Kozinki, in his summary, said Saldate did not record or write down Milke’s confession, while she denied ever confessing and provided a different account of the interrogation. Saldate did not have Milke sign a waiver of her Miranda rights and claimed he destroyed all his notes after filing his report. “The jury thus had nothing more than Saldate’s word that Milke confessed. Everything the state claims happened in the interrogation room depends on believing Saldate’s testimony,” said Kozinki.

In the summary, Kozinki said there was no physical evidence linking Milke to the crime and the two men who shot the child, Jim Styers and Roger Scott, did not testify during her trial. Scott confessed to shooting the child and led police to the boy’s body. Styers and Scott are currently on death row.

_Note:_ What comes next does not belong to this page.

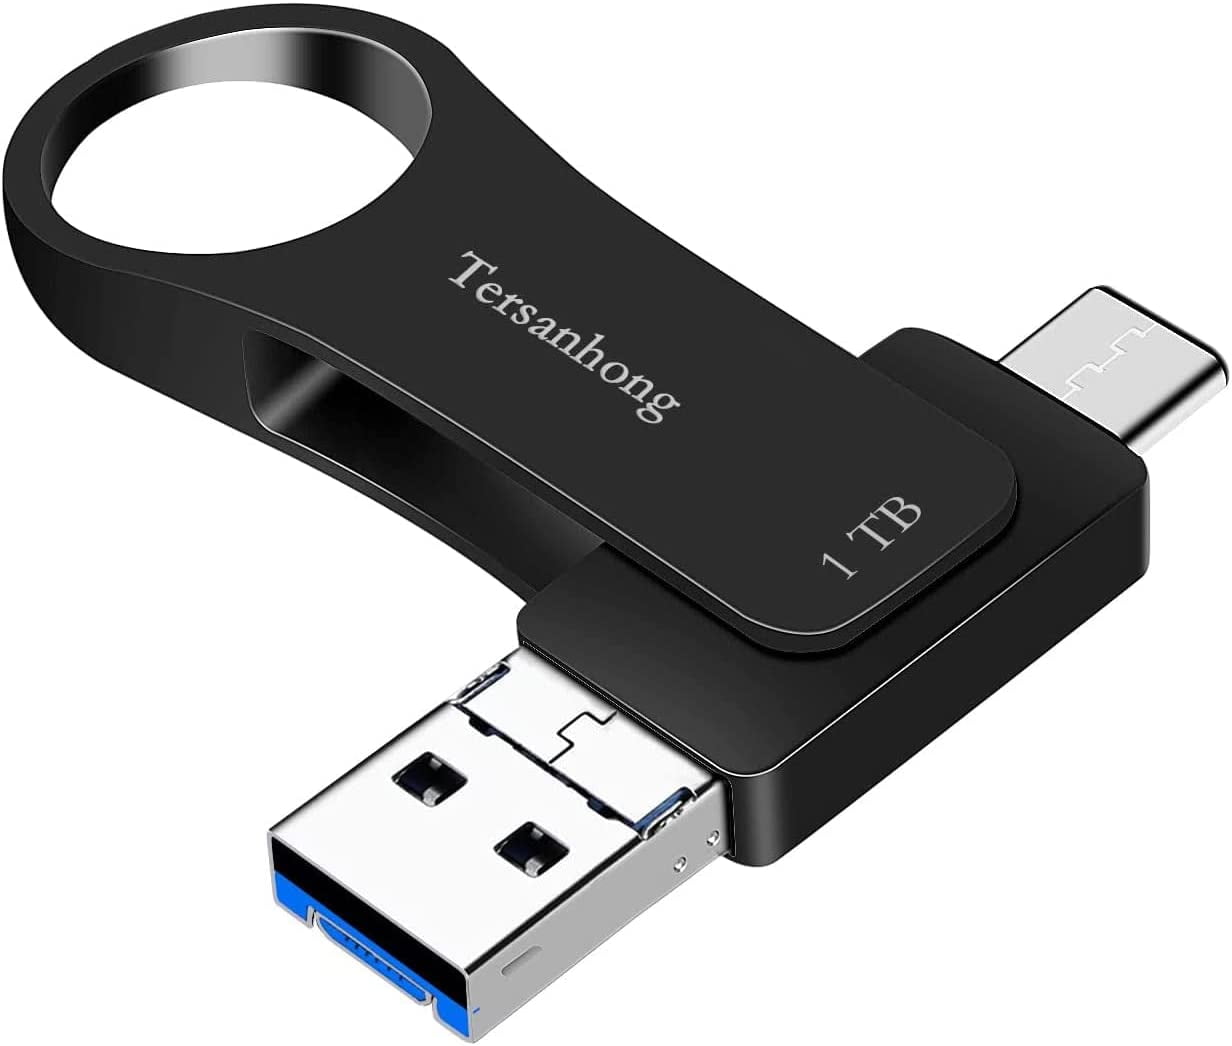 USB 3.0 Dual USB C Flash Drive 1TB,3 in 1 Type C Thumb for MacBook Android Phones Photo Stick External Date Storage for Smart Phones,Computers and Walmart.com

The supporters who posted Milke’s bail are residents of Emmetten, a Swiss town where her mother, Renate Janka, resides, reports AP. The community’s former president, Max Krucker, and other organizers have spent the last decade raising money and collecting donations for Milke’s defense. Janka also had to sell her home to help pay for her daughter’s legal bills. Milke will live in a home in the Phoenix area that was paid for by her supporters, notes AP.

As part of the decision, the state must turn over Saldate’s personnel records to Milke’s lawyers. Judge Rosa Mroz, from the Maricopa County Superior Court, scheduled a Sept. 23 hearing on the use of Saldate’s testimony and confession during the retrial, scheduled for Sept. 30.